In some places I have overspent. In other I have had bargains. I'm pleased with the hosepipe valves that I picked up for $2 in Walmart. They are way cheaper than anything Lowes (hiss, spit) had. As there will be no real pressure, they don't even have to be very strong!
I am sure my waste water system will leak though I don't know how much. Some leakage is desirable in order to reduce the need to actively dump the waste water. In actual fact, it's just soapy water used for washing. That's not really dirty. The only problem will be non biodegradable deturgents.
I have been giving thought to carrying freshwater and located a 15 gallon barrel at Walmart for $47. That's quite a bargain when U-Line sells them for $41 with $30 shipping. Either that or a 220 mile drive to the nearest U-Line suplier. At 19mpg and $1.85 a gallon, paying shipping would be cheaper than visiting U-Line. Anyway, the Walmart solution sees best. A manual pump also seems in order. Those seem to be between $20 and $60 with electric pumps coming in even cheaper. An alternative to the pump would be just to draw water from under the bus via one of those handy Walmart $2 faucets.
Right now, the goal is to obtain the supplies needed in order to complete current operations. The back door lower window needs to be replaced with something solid. That will involve welding. In fact, quite a lot of welding and some grinding in order to make it smooth.

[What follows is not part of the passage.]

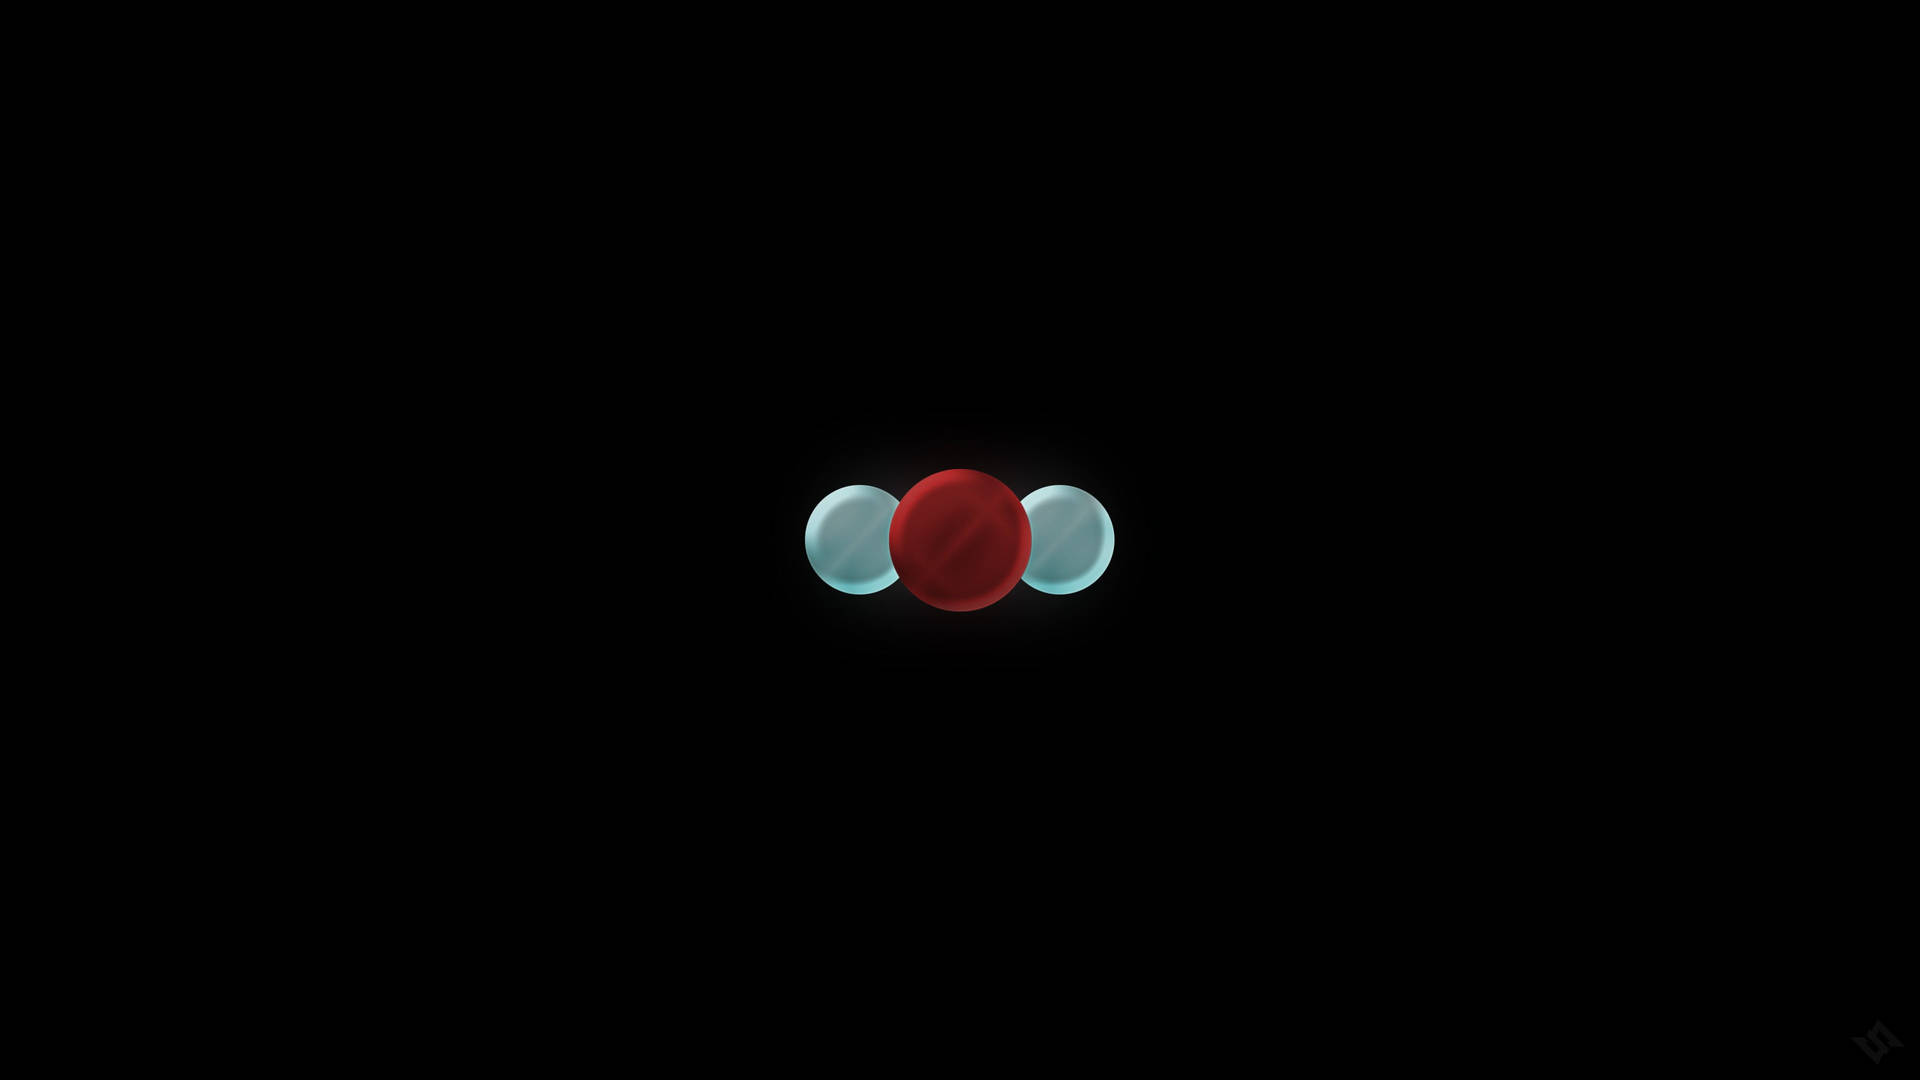 Amoled Red And White Circles 4k Background

Finally, the front door locking mechanism needs addressing. I have encountered linear actuators that sound interesting though pricey. Currently I'm returning to an old idea using the two electromagnets I bought from China that won't repel anything magnetic. Rather than have them pushing the latch upward, pulling it upward - if they're strong enough. Placement will be ultra critical however.
On the whole though progress is painfully slow, I am happy with what has been achieved thus far. I am looking into some kind of fireproof box to keep important documents safe. By that, I mean passports, insurance, registration and citizenship documents. Sadly, thus far, all I am encountering are pretentious pieces of junk. I am seeing fire proof boxes calling themselves safes and sporting ludicrous things such as combination locks and keypads. How utterly insane! All I need is a fireproof box with a latch. I don't want to fuss about with locks or fiddly trash like combination locks. Most of those alleged safes can be picked up and carried away for later opening or can be quickly opened with an angle grinder or a can opener!